Interestingly he mentions how some of of his early efforts on combining functional and object-oriented programming are surfacing to address multicore issues as well as how LINQ is finding various applications to solve parallel programming data issues and how LINQp and reactive LINQ are being used by Microsoft in their cloud platform environments: Azure and SQL Azure.

Finally, Erik finishes this video-podcast discussing what OOPSLA means to him, some of his colleagues at Microsoft, and also gives us a flavor of the strong presence of Microsoft technologies and presenters at OOPSLA this year.

Monday, October 12, 2009

OOPSLA 2009 - Videocast 3 - Cloud Analytics with Dr. Anant Jhingran of IBM

Anant Jhingran is well known for leading the technology direction of IBM’s information management division---which includes DB2, Informix, Cloudscape, and Cognos, to name a few. One of the important aspect of any information management portfolio is its analytics capabilities. Nowadays with companies collecting vast amount of data from their Web properties from end users of via social media sites, an obvious growth area for information management users and vendors is to facilitate fast and appropriate insights from this ever increasing big collection of data. Business Intelligence is not a new field, however, the opportunity to apply such technology has never been more pervasive and for so much and so varied domains and in many ways have never been more challenging...



In this videocast I caught up with Dr. Jhingran at his offices in IBM Silicon Valley Labs to discuss business analytics in a cloud computing world. That is, what is the impact of the cloud on big data? His explanation boils down to a simple equation of pain vs. gain. Dr. Jhingran also discusses how programming-oriented conferences such as OOPSLA have a lot to contribute to the challenges of analyzing big data when companies attempt to extract knowledge. The need for programming tricks and tools go beyond map reduce to scalable data analytics languages with well understood semantics and characteristics as SQL was for relational databases.

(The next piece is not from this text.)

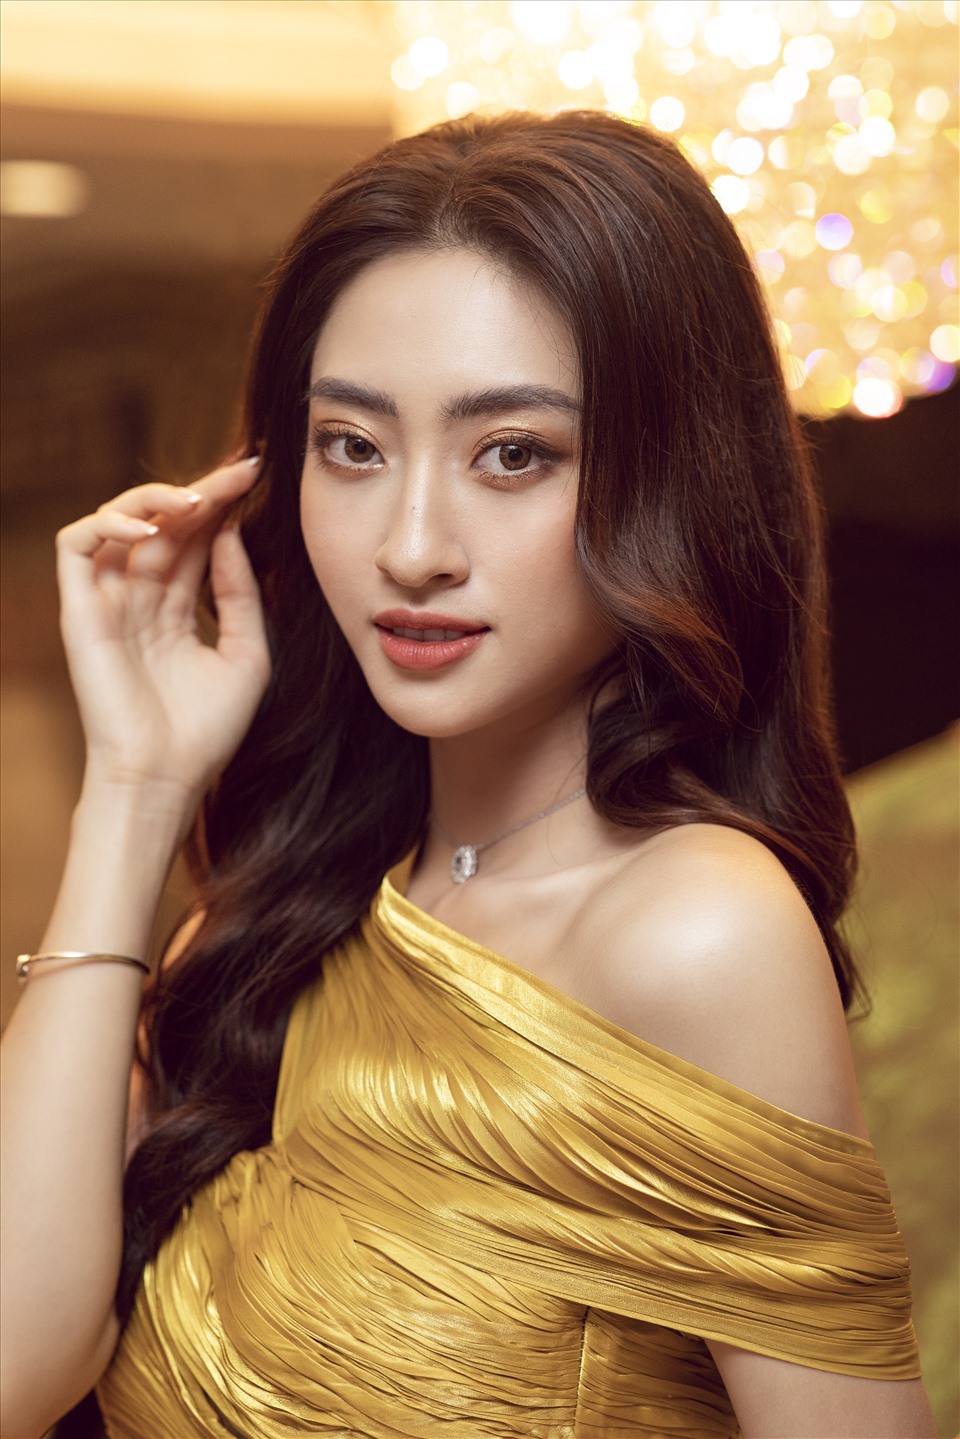 Hoa hậu Lương Thuỳ Linh diện trang sức tiền tỉ, làm giám đốc ở tuổi 20
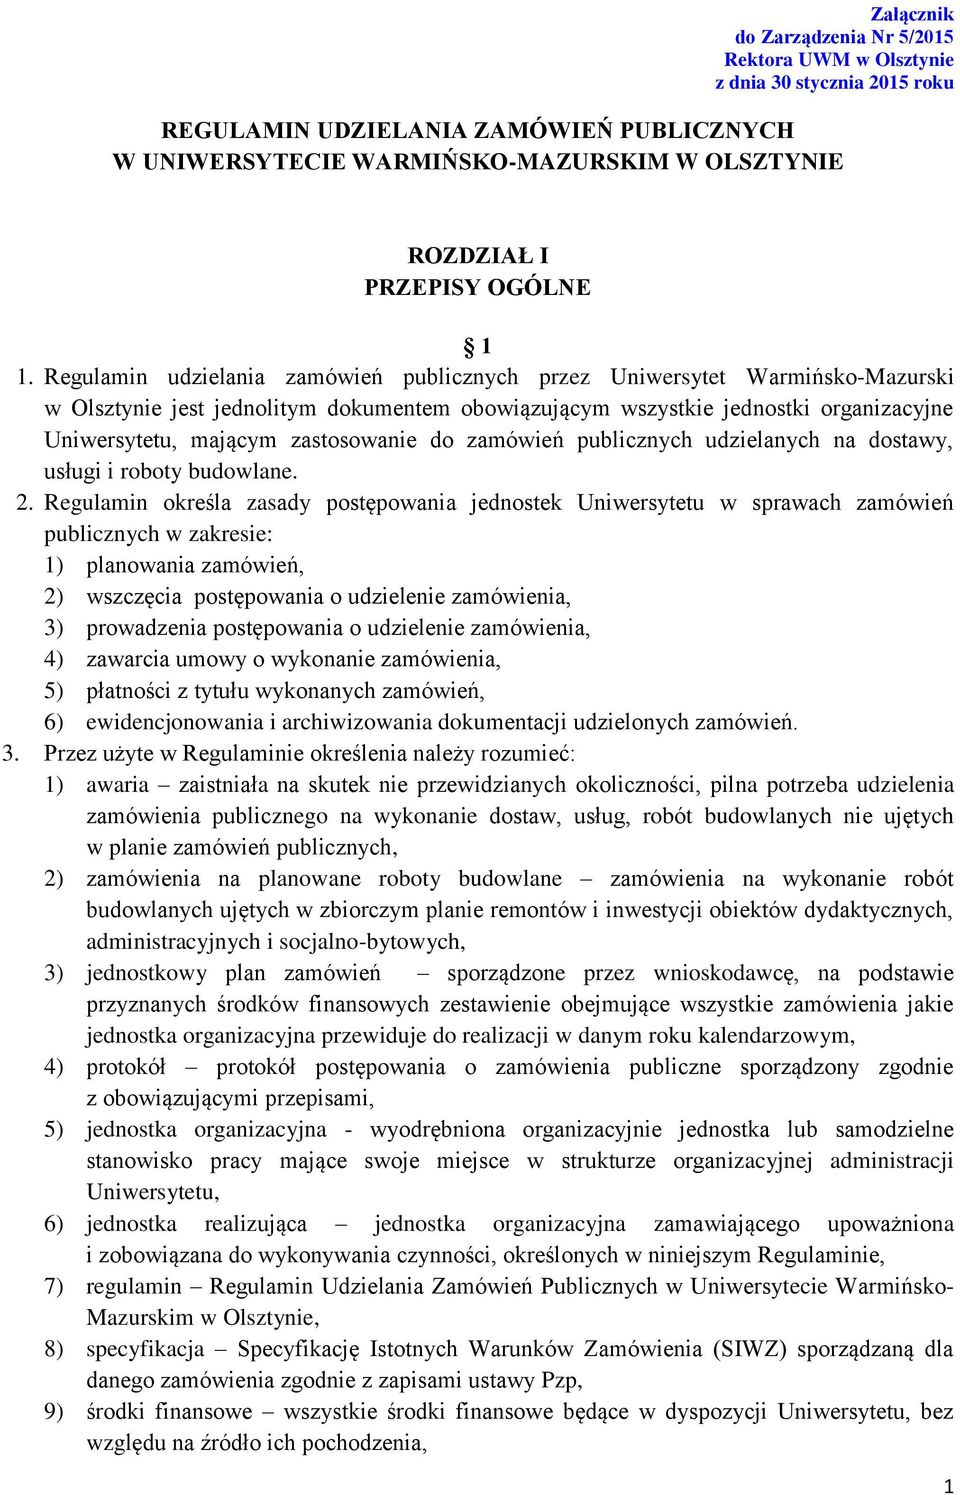 Regulamin udzielania zamówień publicznych przez Uniwersytet Warmińsko-Mazurski w Olsztynie jest jednolitym dokumentem obowiązującym wszystkie jednostki organizacyjne Uniwersytetu, mającym

Wednesday, October 7, 2009

OOPSLA 2009 - Videocast 2 - Social Software with Patrick Chanezon of Google, Inc.


As we discussed in one of the previous OOPSLA 2009 blog post social software continues to impact modern lives in ways the inventors or users of the technologies are uncovering daily. By empowering everyone to be a “journalist” and a “broadcaster”, social media and associated tools are enabling everyone, everywhere, to have a voice and thus is encouraging democratic virtues to flow in all regions of the world. We are seeing only the beginning of this social media revolution.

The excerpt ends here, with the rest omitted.